Мок шел за носильщиком, задумчивый и обеспокоенный. С Попельским он был знаком не столь давно, но он на все сто процентов был уверен в том, что поляк держит слово не только в серьезных вещах, но и по мелочам. Его отсутствие на вокзале, хотя еще несколько дней назад он четко заявлял о том, что лично будет приветствовать Мока, могло свидетельствовать о каком-то неожиданном событии, о какой-то нехорошей случайности. Мысли Мока были заняты субботней неудачей Попельского. Он прекрасно знал обо всем — о смерти Зарембы и о побеге Потока через крышу. Знал он и о том, что двое полицейских с Кацнельсоном бросились в неудачную погоню за убийцей, в то время как Попельский застыл над телом Зарембы. Отчет обо всех событиях субботы еще в тот же вечер Попельский передал по телефону. Уже тогда у него был какой-то странный голос. Он надолго задумывался, прерывался и подбирал слова, словно только-только обучался немецкому языку, а не владел им словно уроженец Вены. Эти неожиданные проблемы Попельского с высказыванием Мок посчитал результатом неудачи и потрясения после смерти Зарембы.
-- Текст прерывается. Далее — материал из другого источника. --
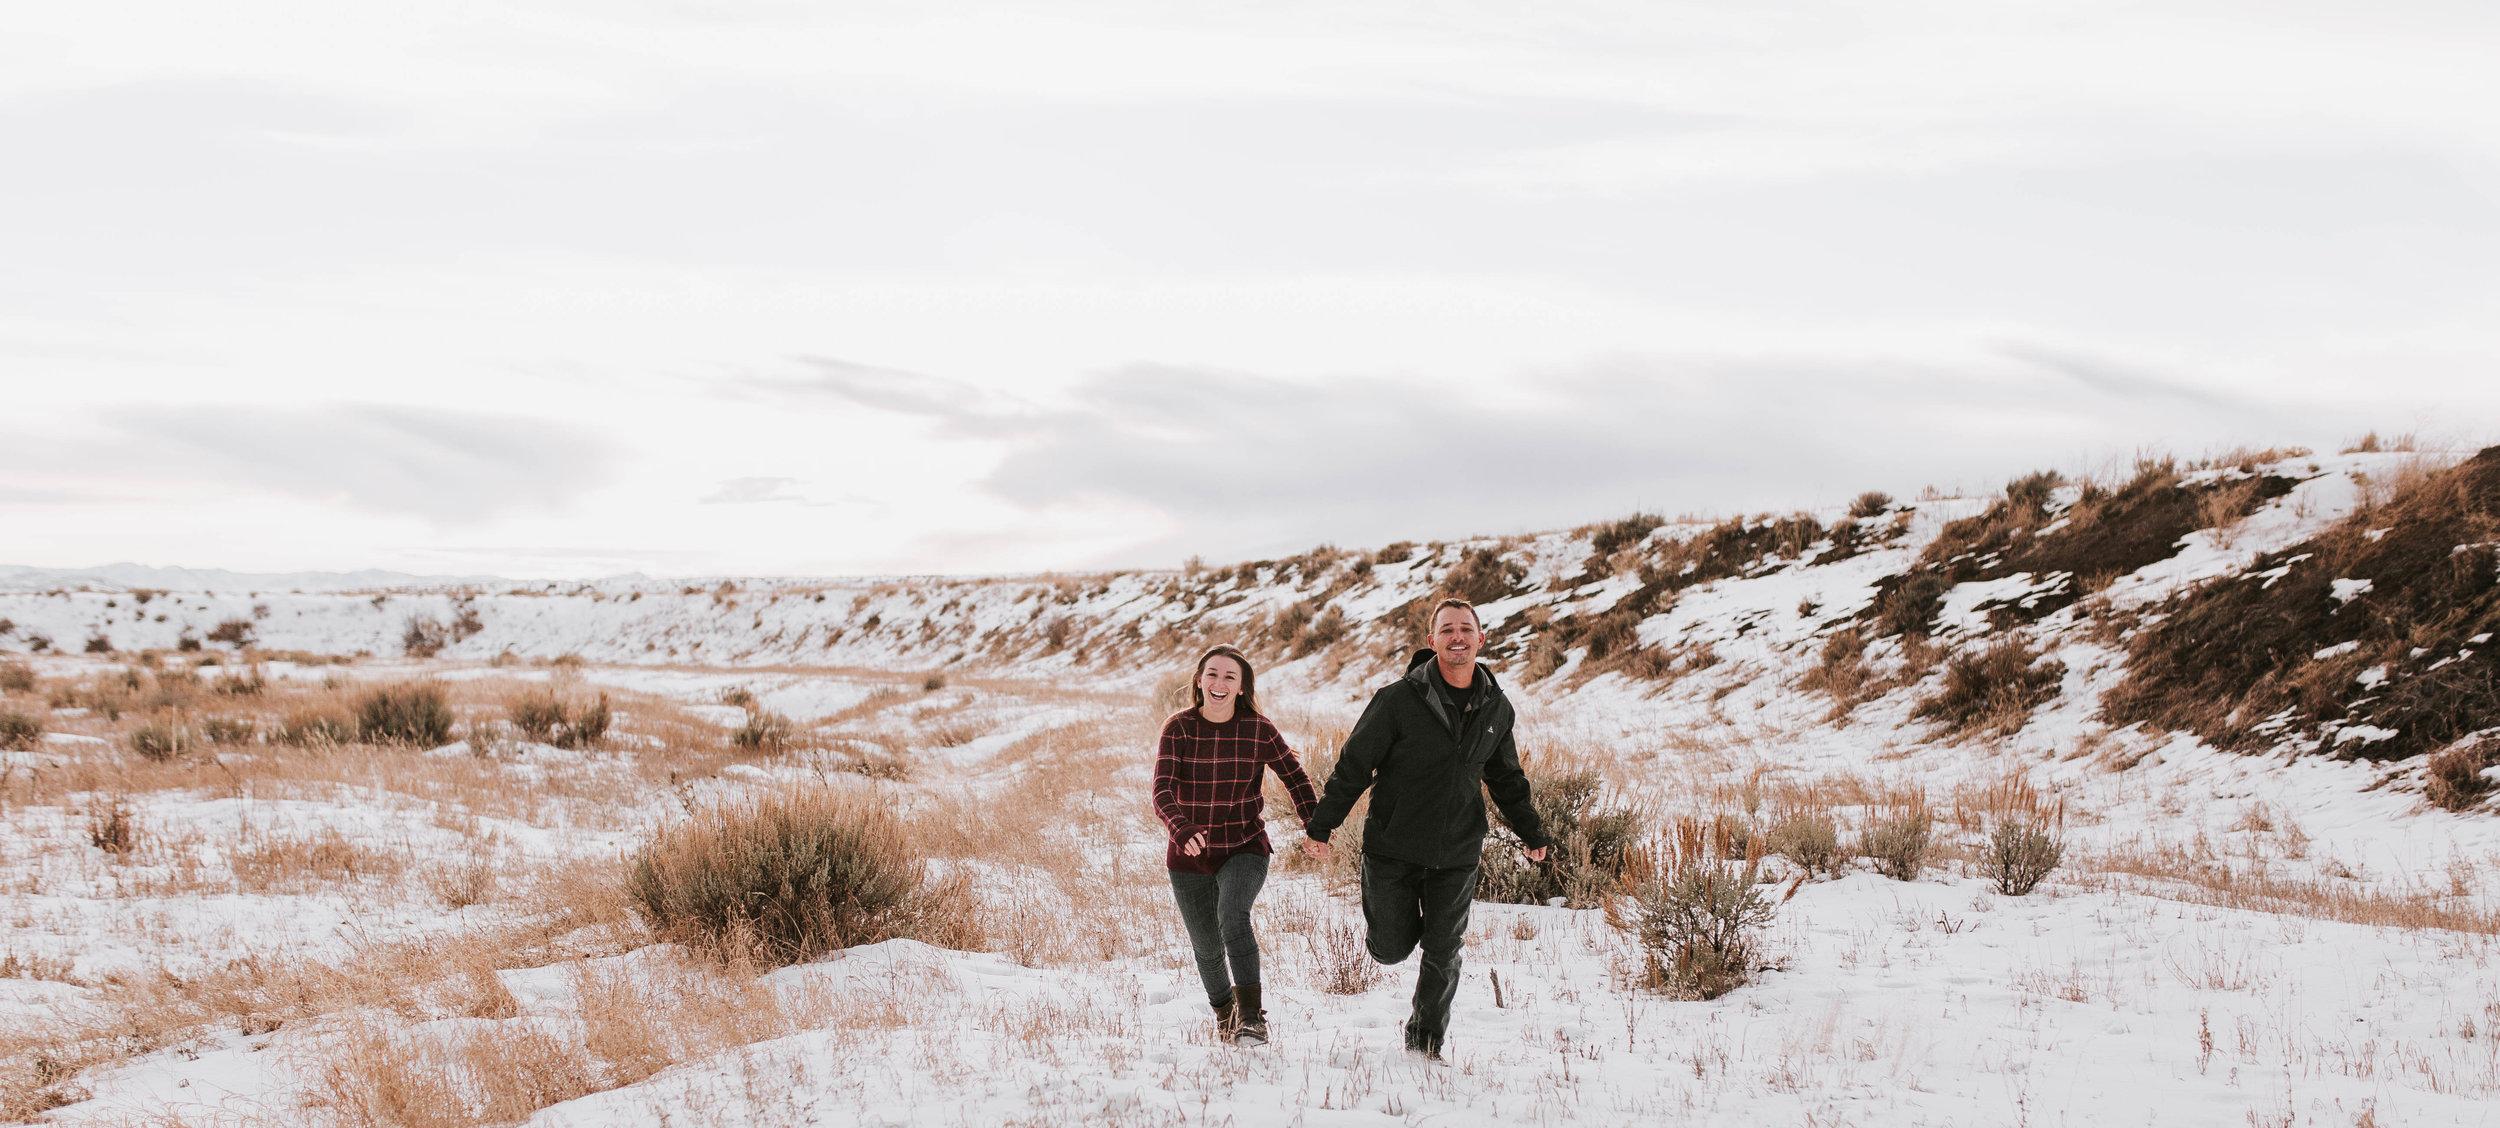 nicole-daacke-photography-grand-teton-elopement-grand-teton-wedding-national-park-wedding-adventure-wedding-adventurous-engagement-session-snowy-winter-inspiration-photographer-1.jpg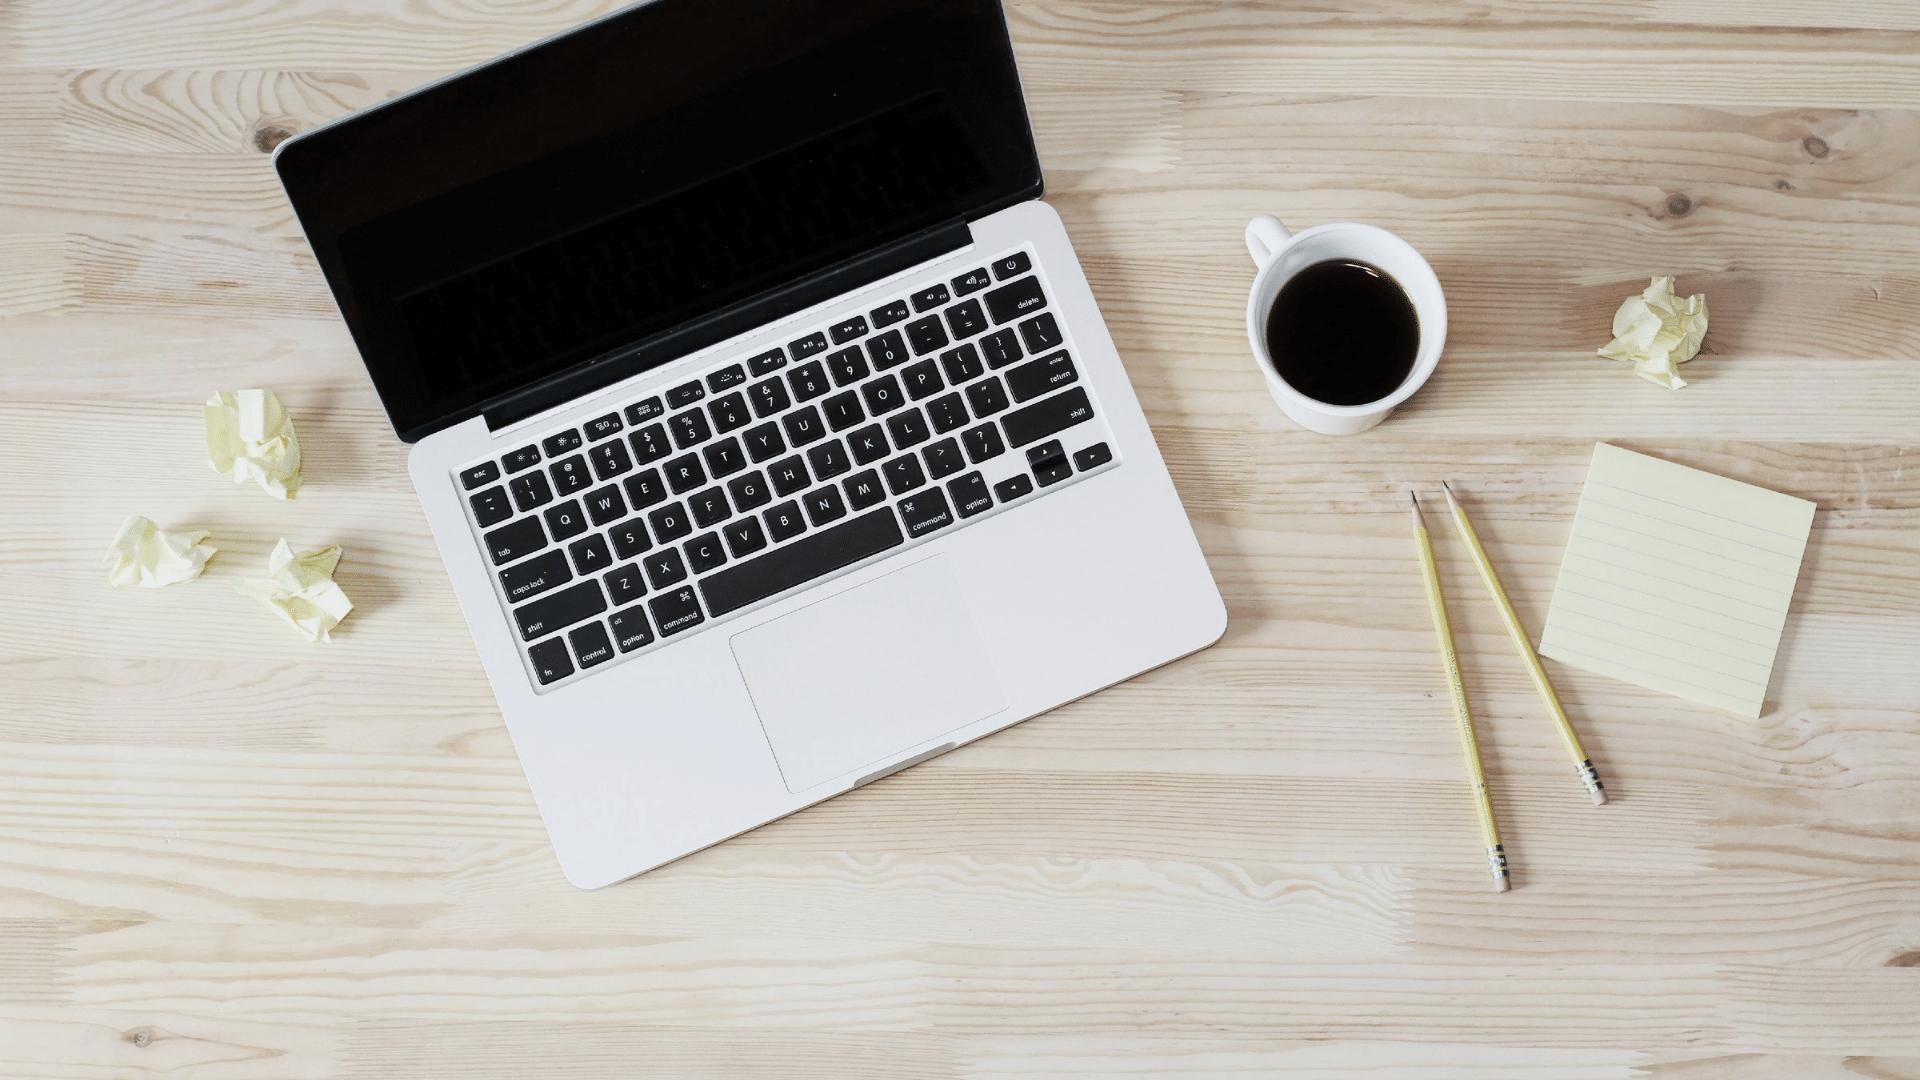 blogging for education lead generation

Это же могло быть причиной его отсутствия на вокзале. Но как долго, спрашивал Мок сам себя, можно переживать подобное потрясение, когда чудовище все еще находится на свободе? Как долго можно пережевывать проигрыш, когда зверь до сих пор скрывается в каких-то закоулках и городских трущобах?
Он уселся в экипаж, заплатил носильщику, а извозчику подсунул под нос визитную карточку с приватным адресом Попельского. Экипаж тронулся. Мок уже не восхищался Центральным Вокзалом, гармония и соответственное дозирование архитектурных украшений которого превосходили — по его личному мнению — помпезный вокзал в Бреслау. По пути он не приглядывался к соборам, к фасадам гимназий и высших учебных заведений. Его внимание обратила лишь латинская надпись на здании, похожем на библиотеку, когда он уже сворачивал с главной улицы в сторону парка, рядом с которыи проживал Попельский. Hic mortui vivunt et muti loquuntur
[207].
Здесь мертвые живут, а немые — говорят с вами. Если бы мертвые могли говорить, — мелькнула горькая мысль, — мне нечего было бы делать на этом свете. Мок почувствовал нечто вроде утешения.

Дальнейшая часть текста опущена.